▸ **Required work**
Below are the records; repeat exactly their lines between the line holding "Welsh dragon tattoo" and the line holding "manteau imitation mouton", inclusive, skipping the pictures.

▸ **Provided data**
※

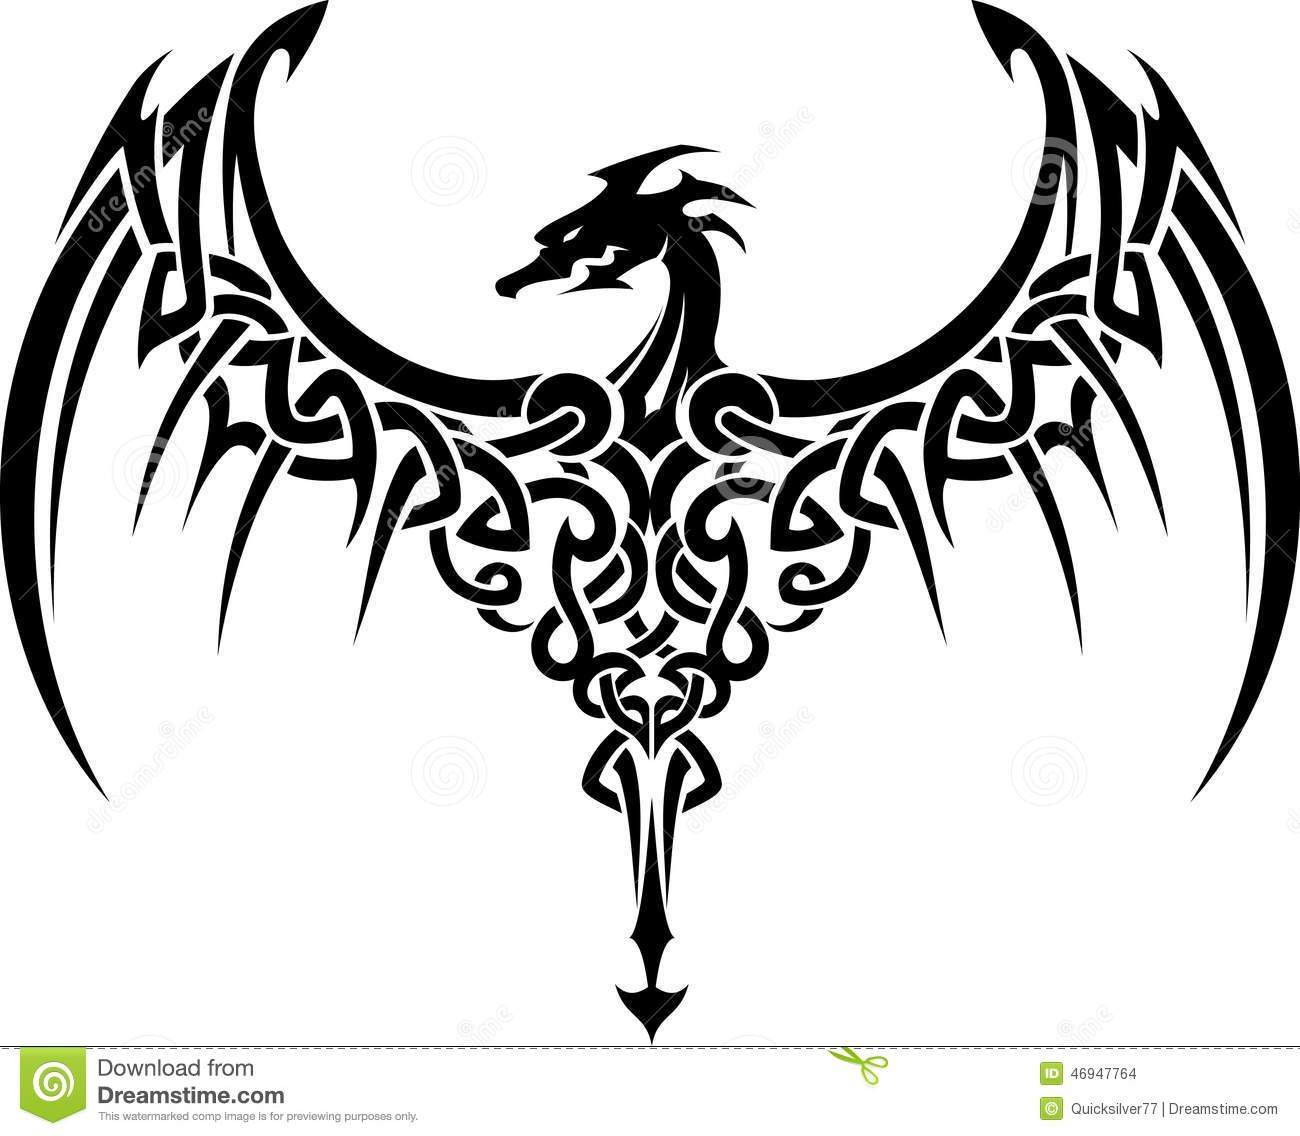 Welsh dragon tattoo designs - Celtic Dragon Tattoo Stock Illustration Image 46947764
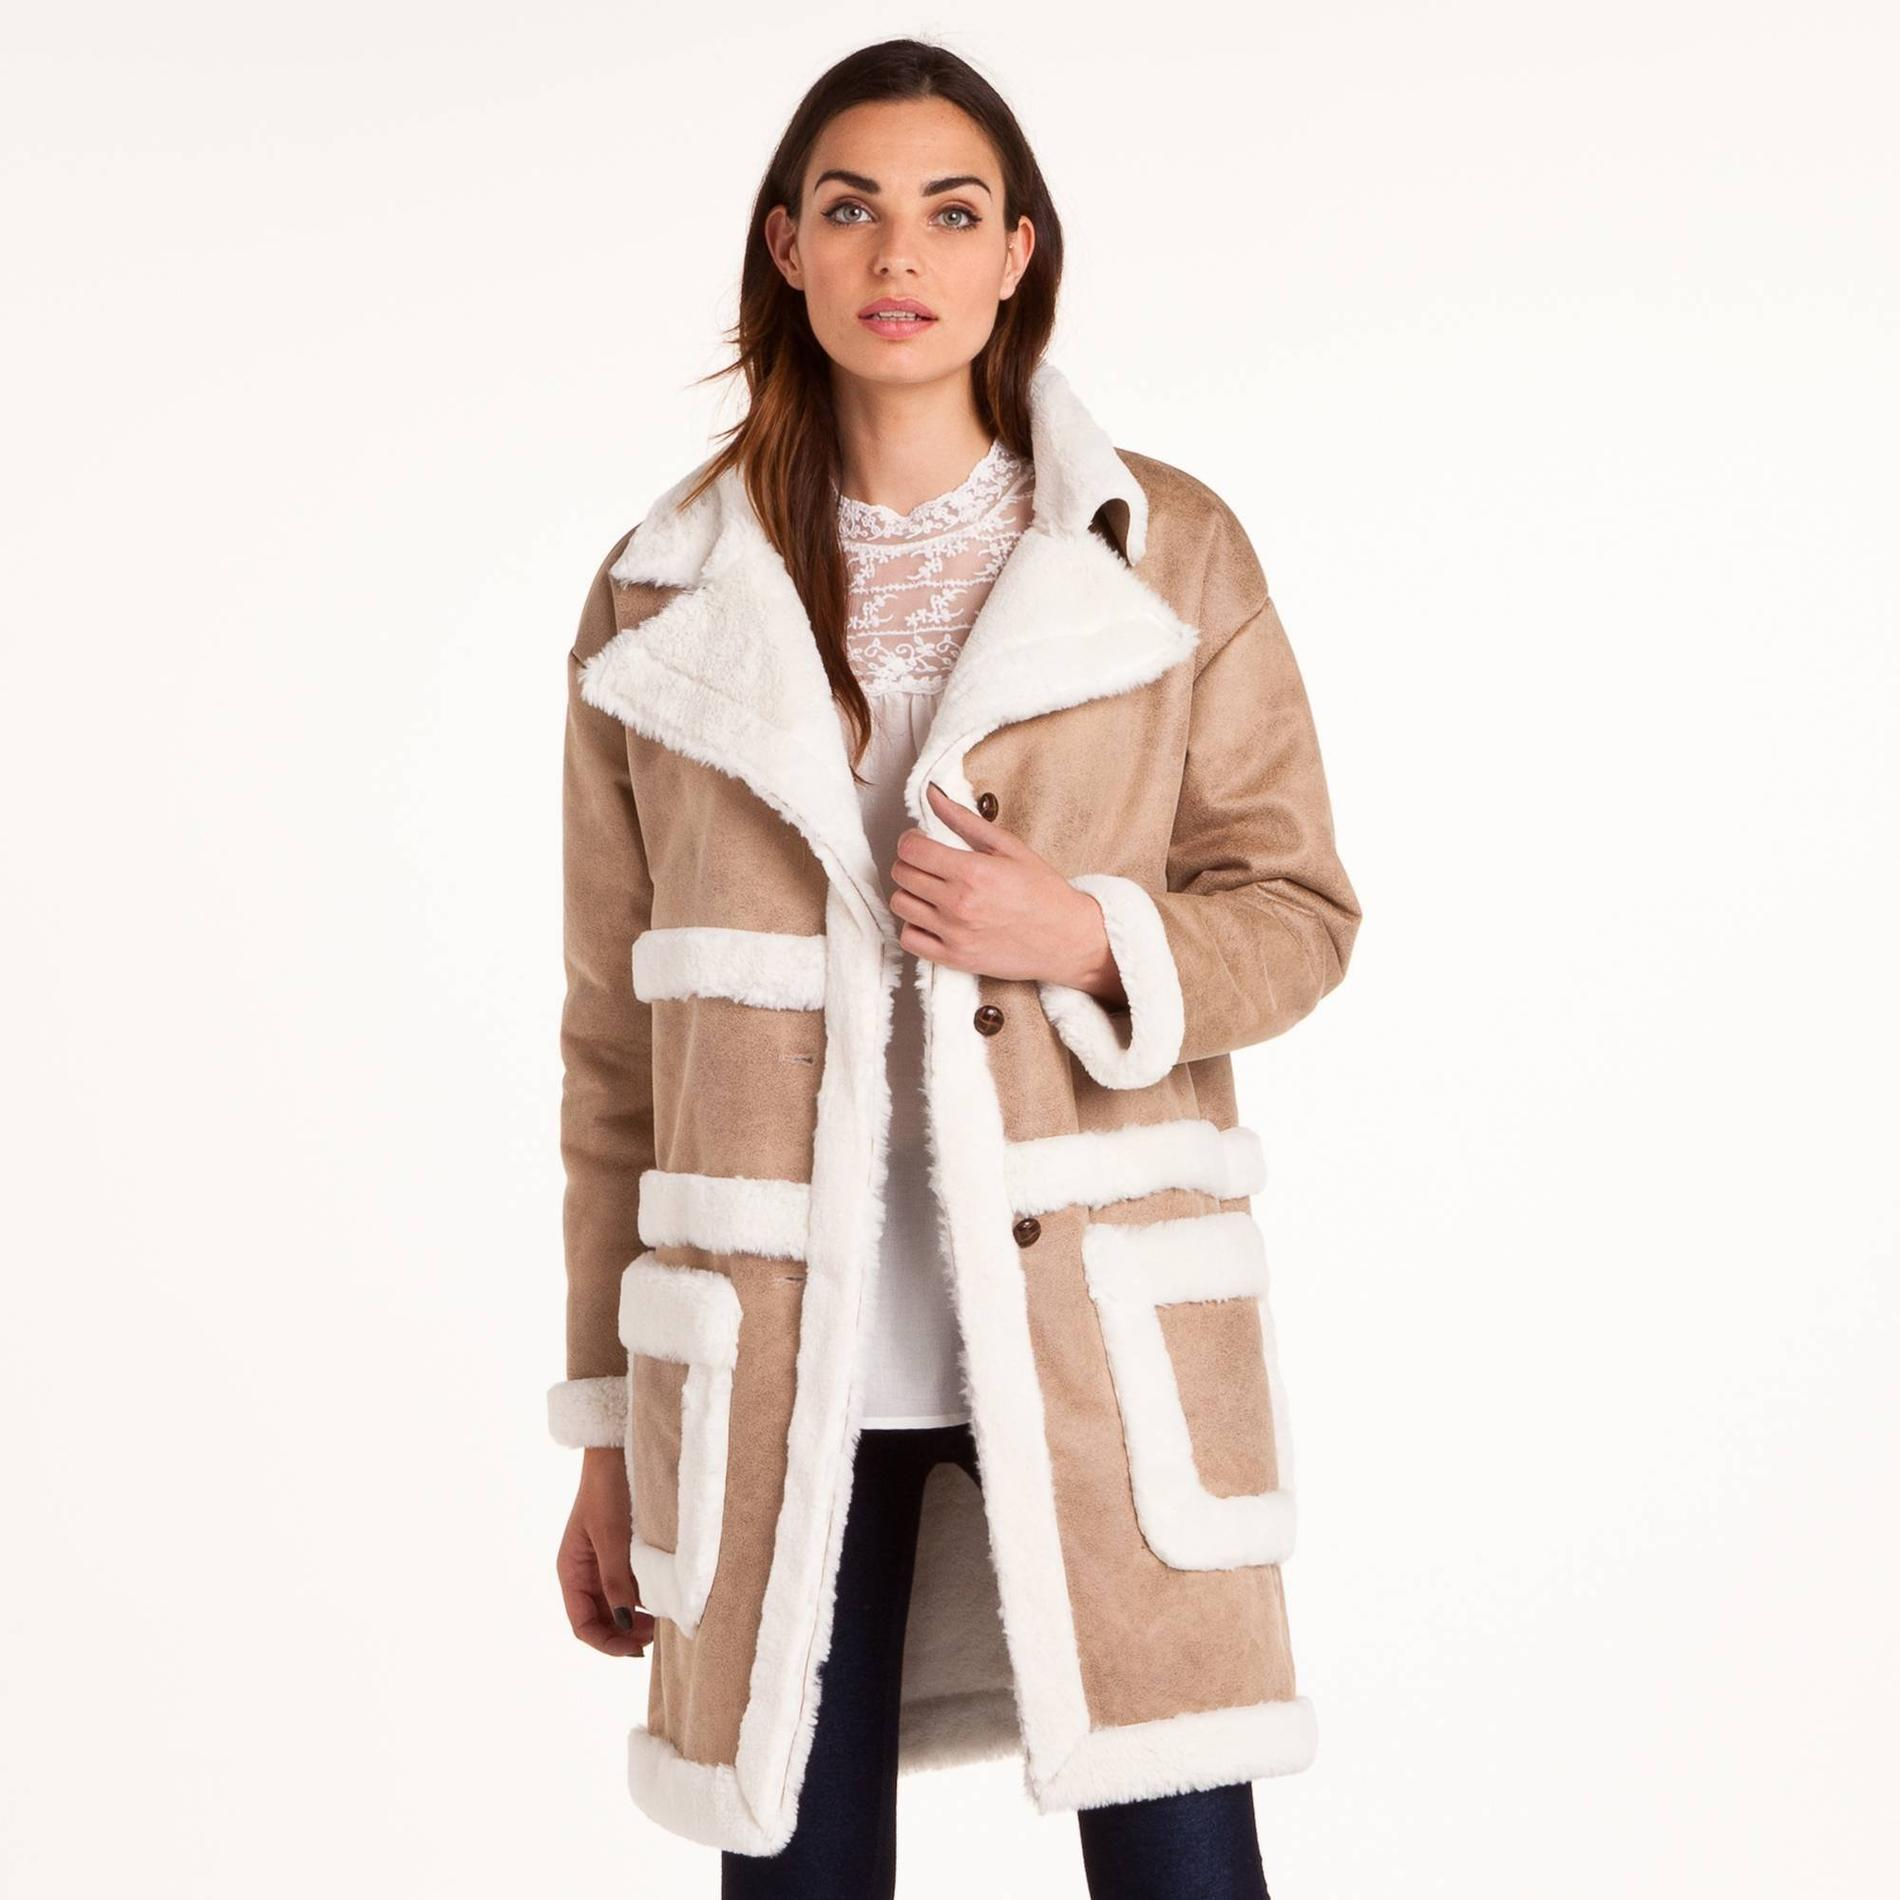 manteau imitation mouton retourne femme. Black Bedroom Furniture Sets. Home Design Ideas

※

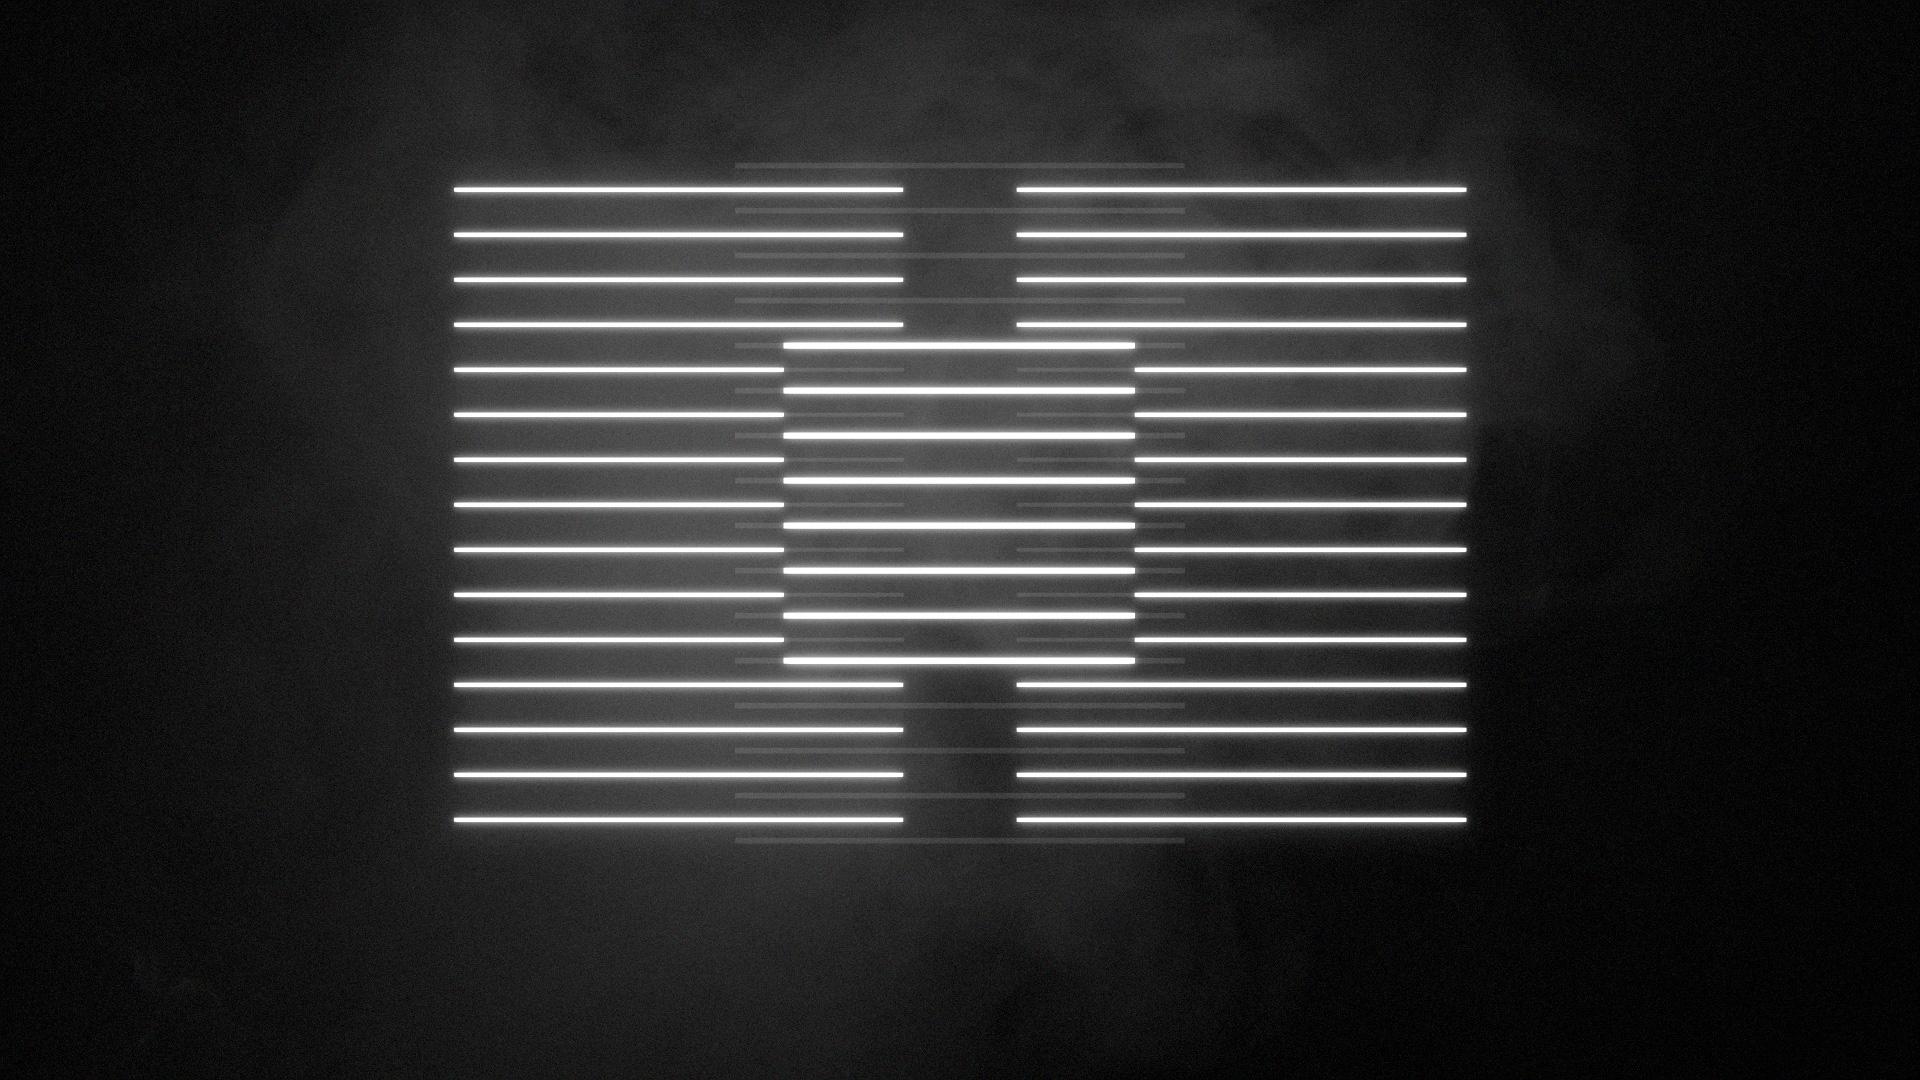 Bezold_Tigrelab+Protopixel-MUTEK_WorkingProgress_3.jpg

※

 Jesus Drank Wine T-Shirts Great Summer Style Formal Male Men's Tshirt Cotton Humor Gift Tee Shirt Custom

※

▸ **Task result**
 Welsh dragon tattoo designs - Celtic Dragon Tattoo Stock Illustration Image 46947764
 manteau imitation mouton retourne femme. Black Bedroom Furniture Sets. Home Design Ideas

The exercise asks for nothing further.